■ **Problem to work on**
Exact copies of the lines below, from the one with "Bec Round Faux" up to and including the one with "The path leads beside the Gaja Creek", are what this calls for; leave out pictures.

■ **Records supplied**
○ ○ ○ ○ ○

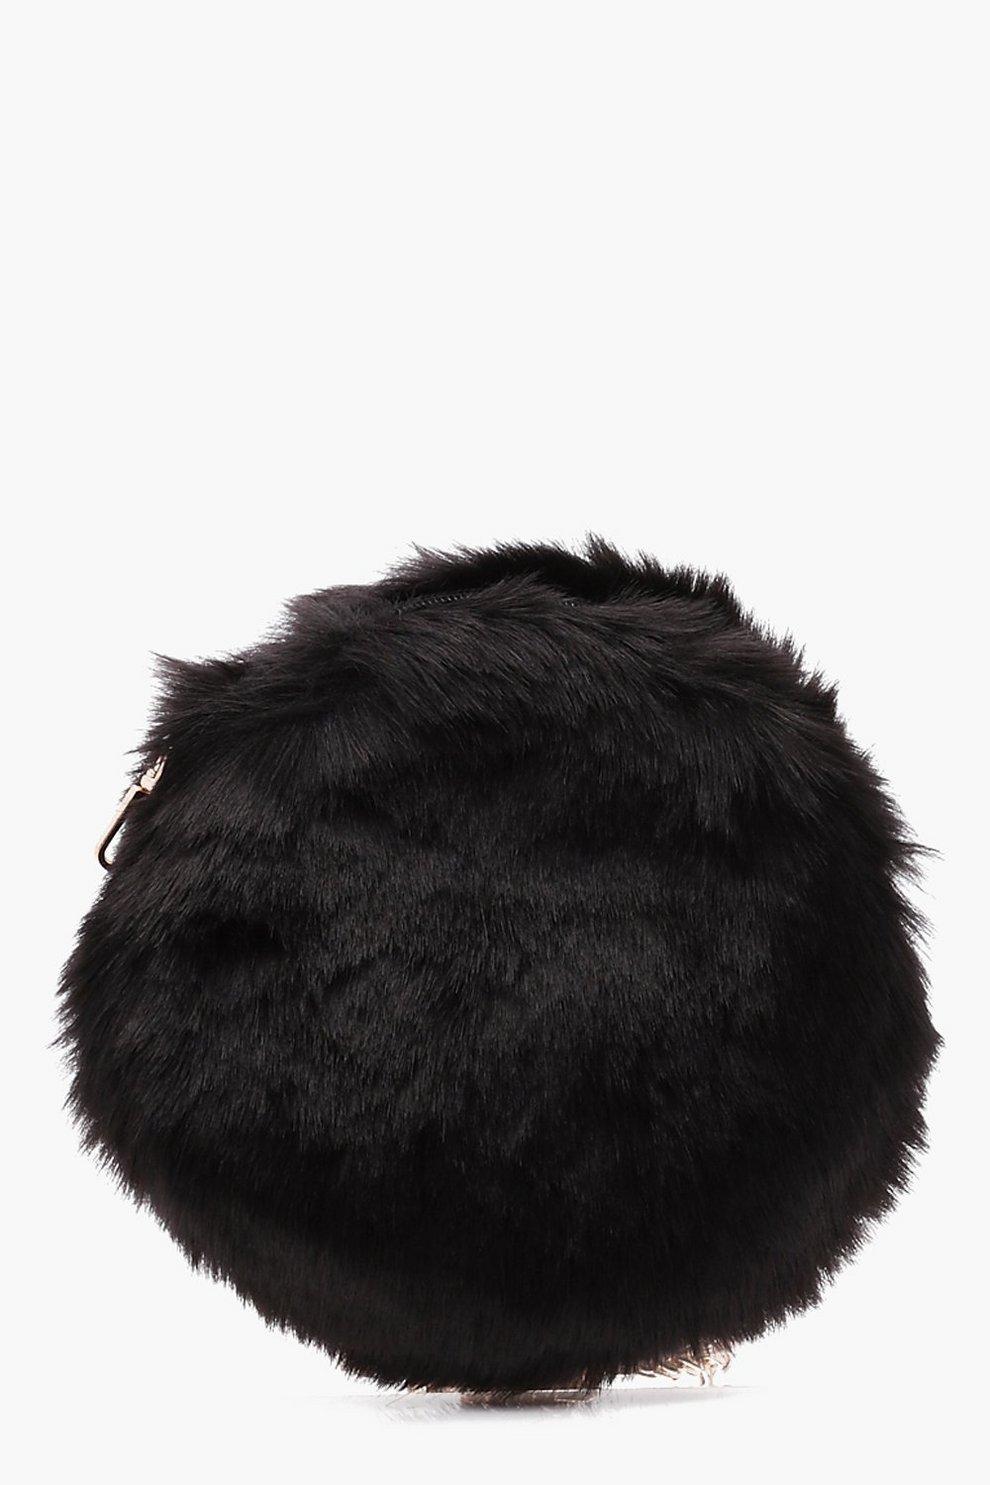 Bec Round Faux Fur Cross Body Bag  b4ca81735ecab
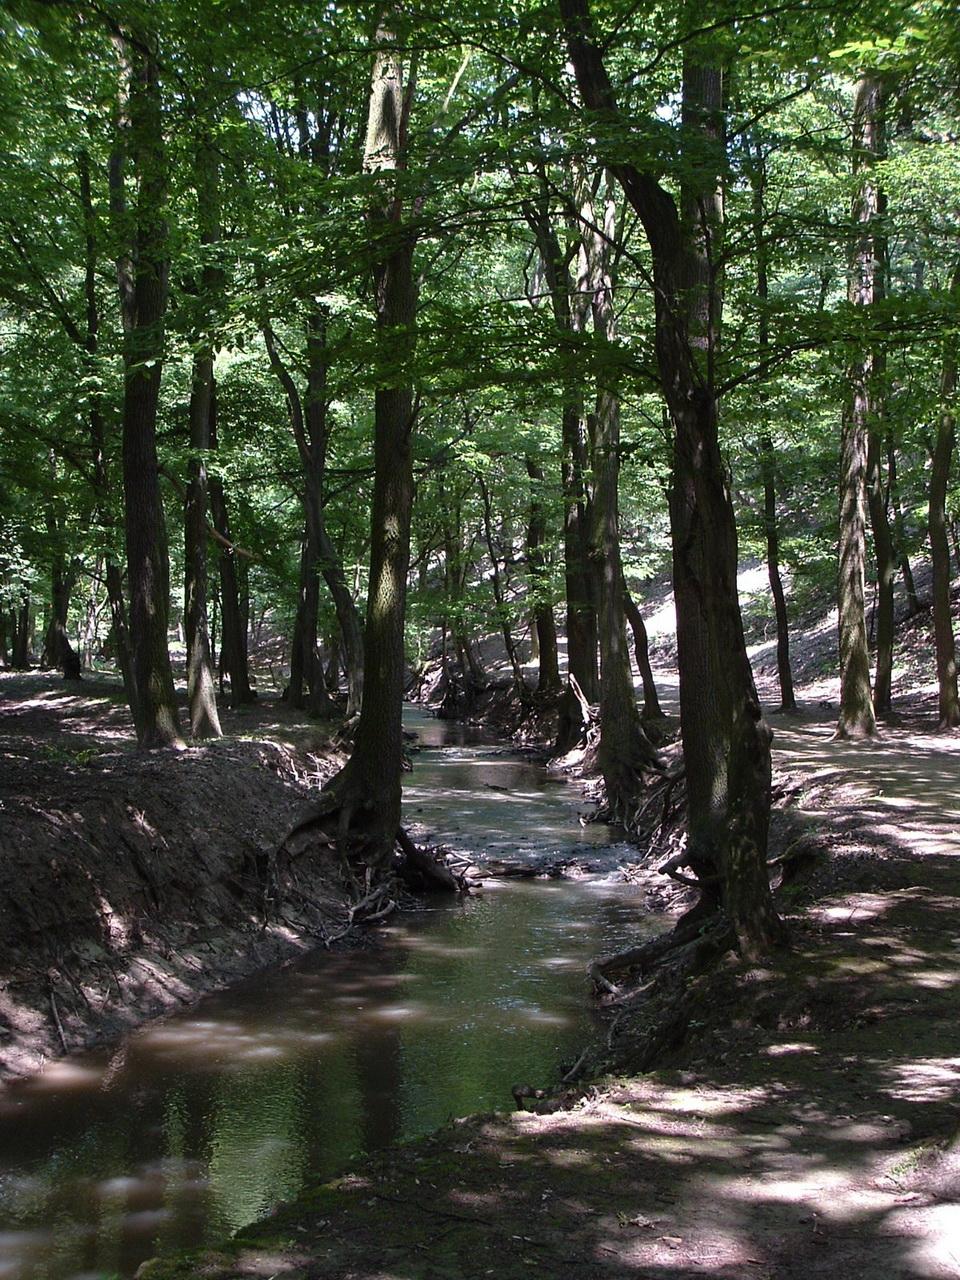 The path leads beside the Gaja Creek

○ ○ ○ ○ ○

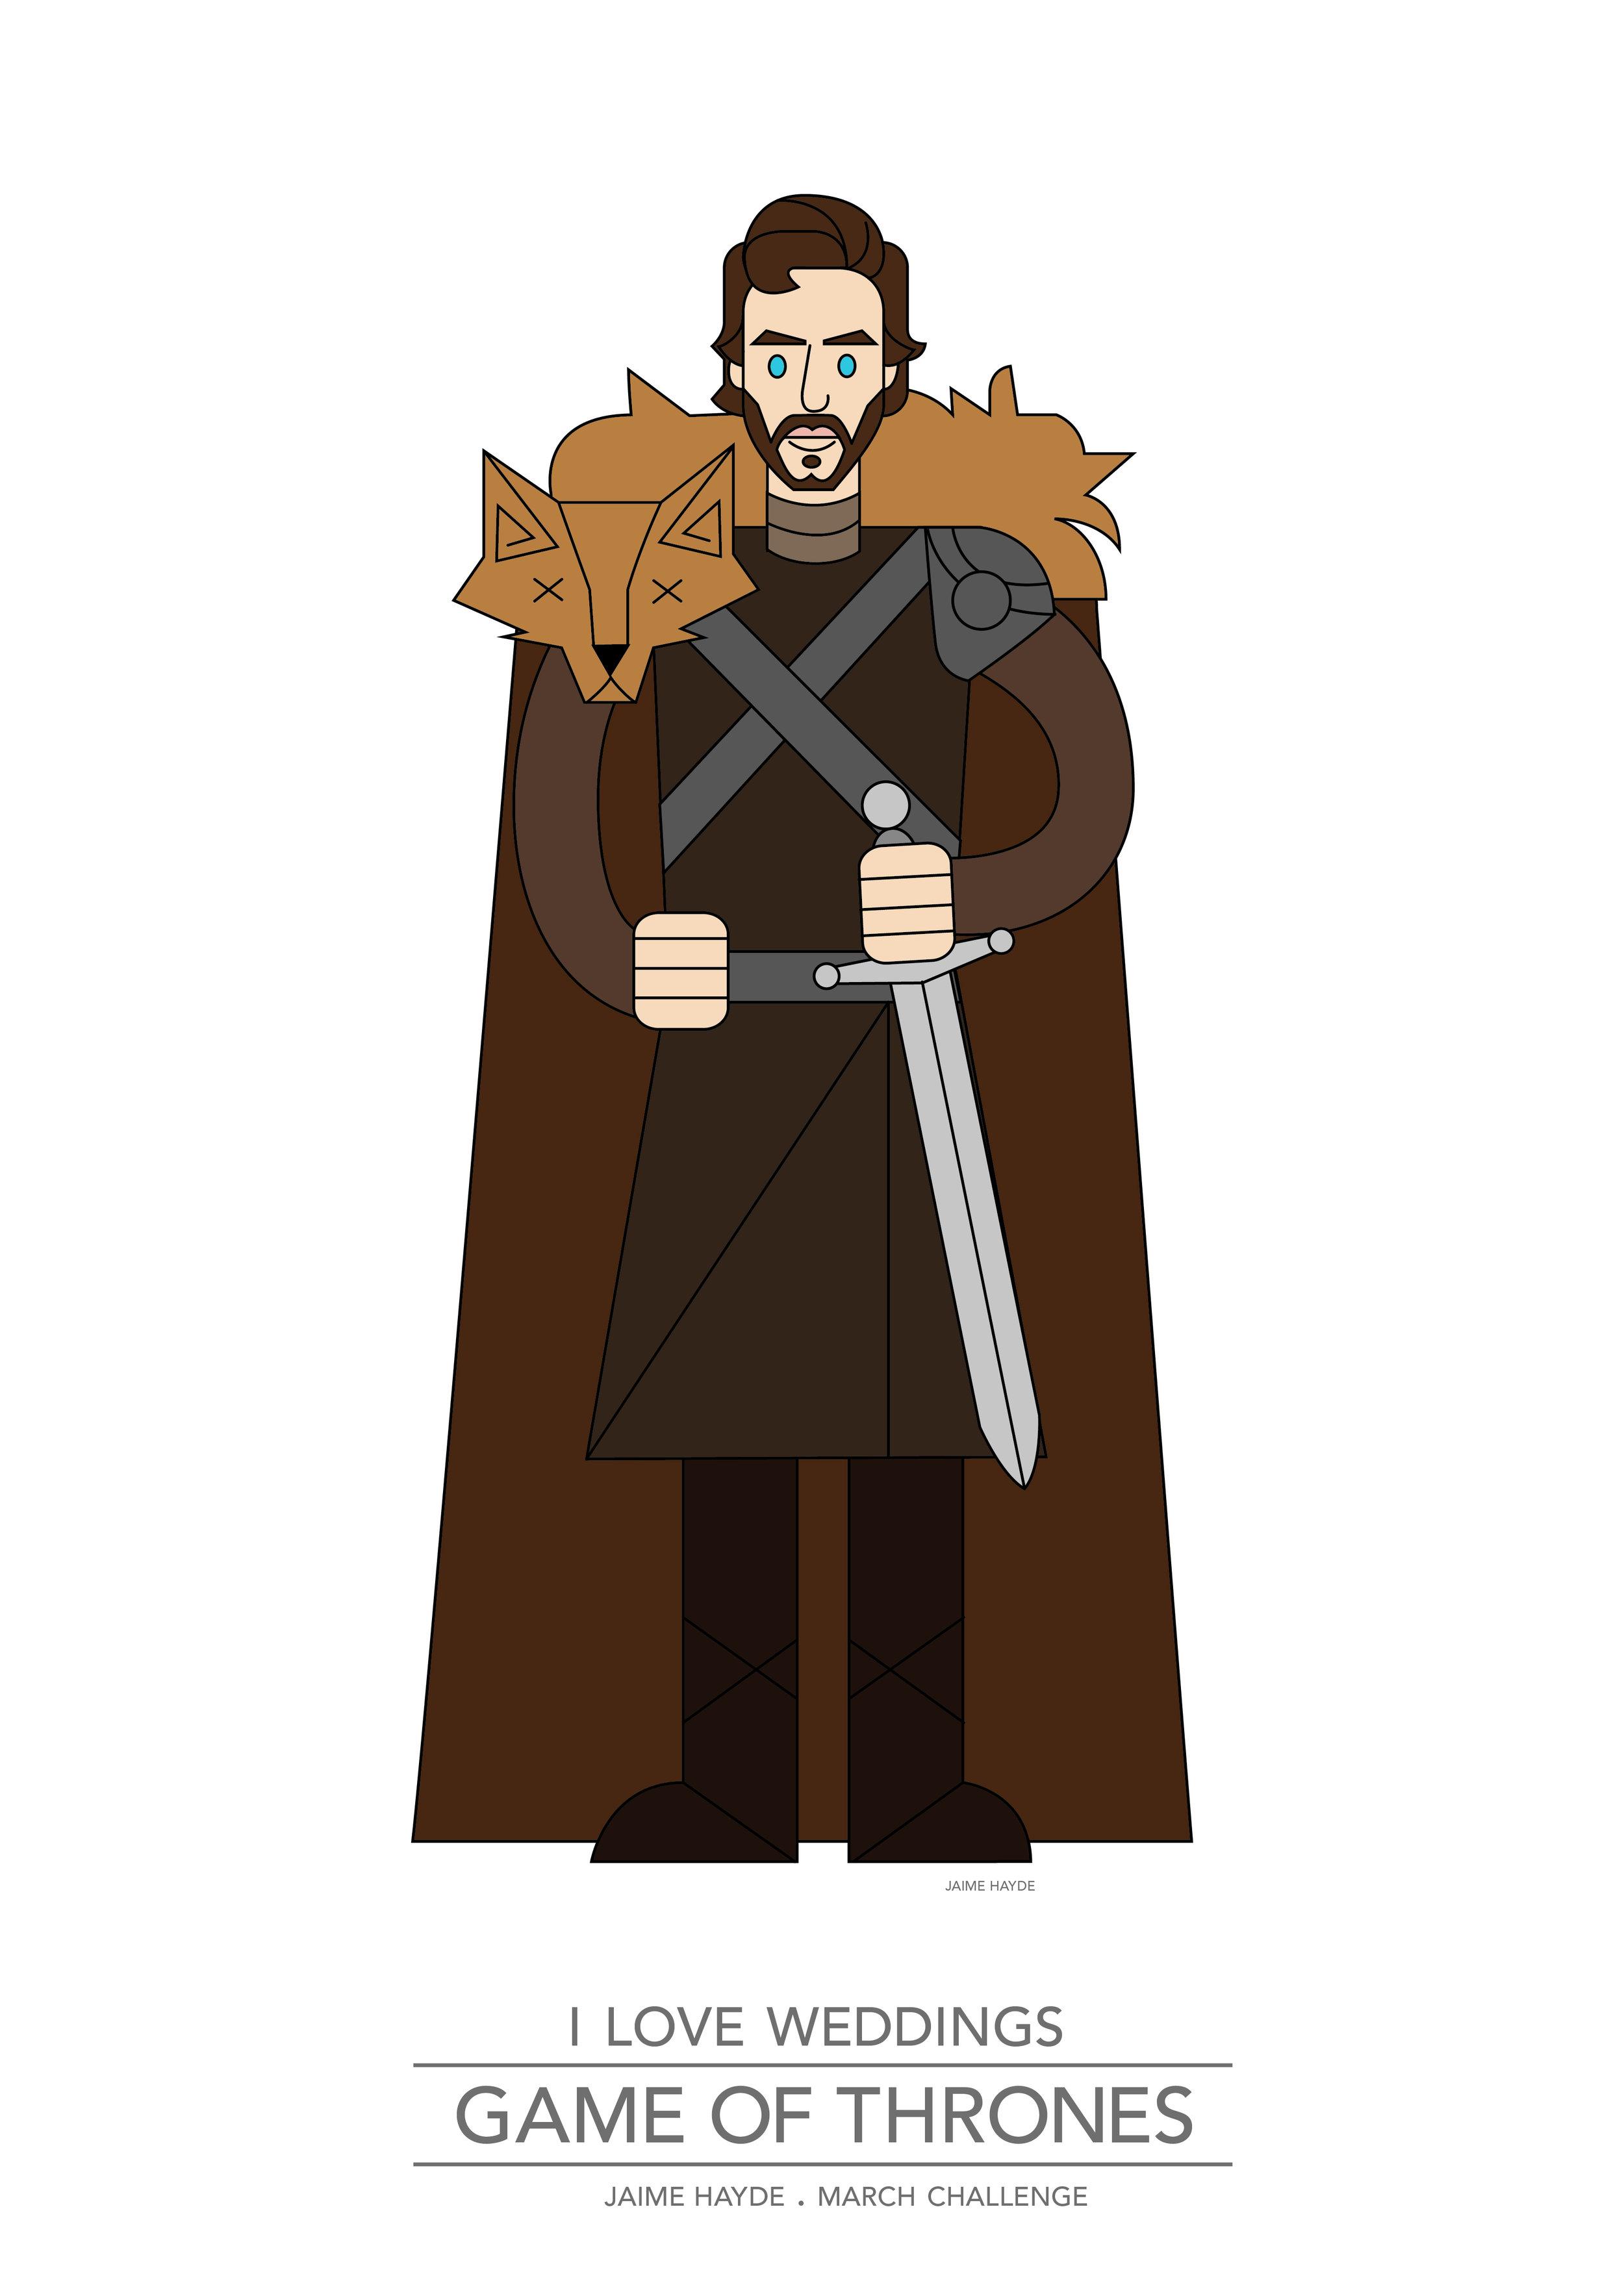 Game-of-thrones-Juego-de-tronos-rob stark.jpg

○ ○ ○ ○ ○

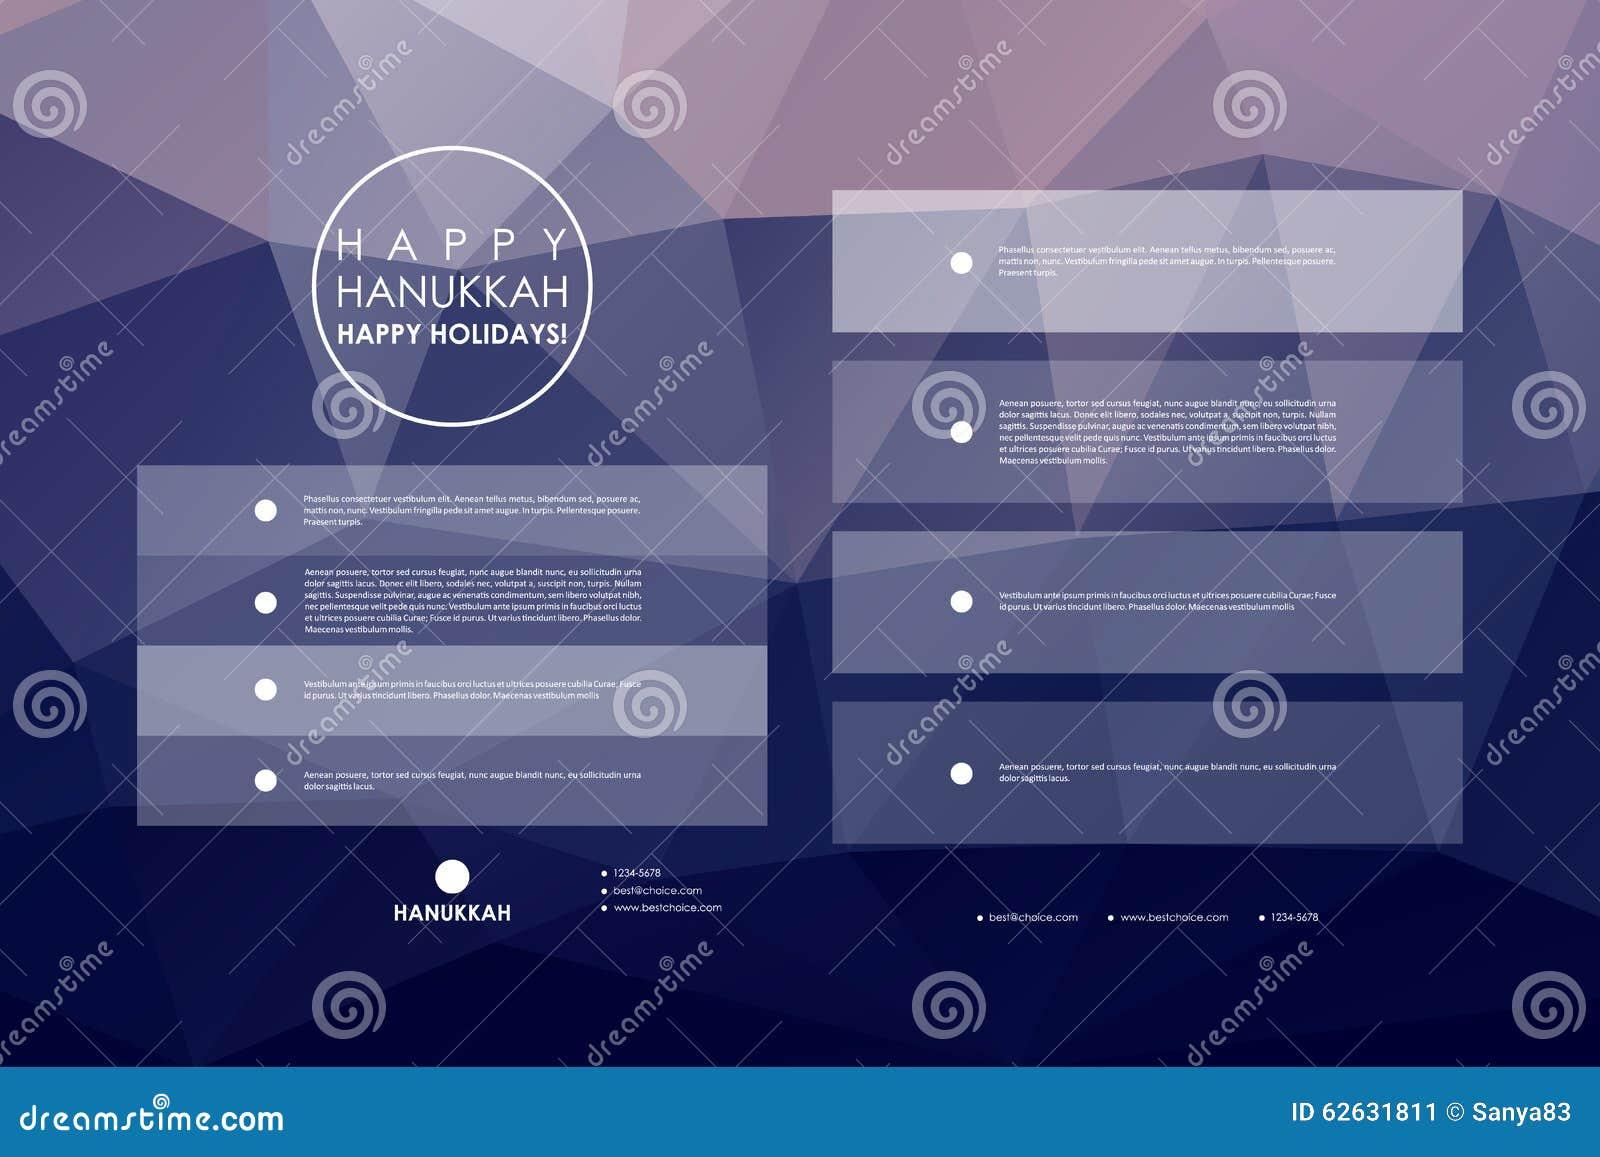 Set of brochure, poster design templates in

○ ○ ○ ○ ○

■ **Result for this task**
 Bec Round Faux Fur Cross Body Bag  b4ca81735ecab
 The path leads beside the Gaja Creek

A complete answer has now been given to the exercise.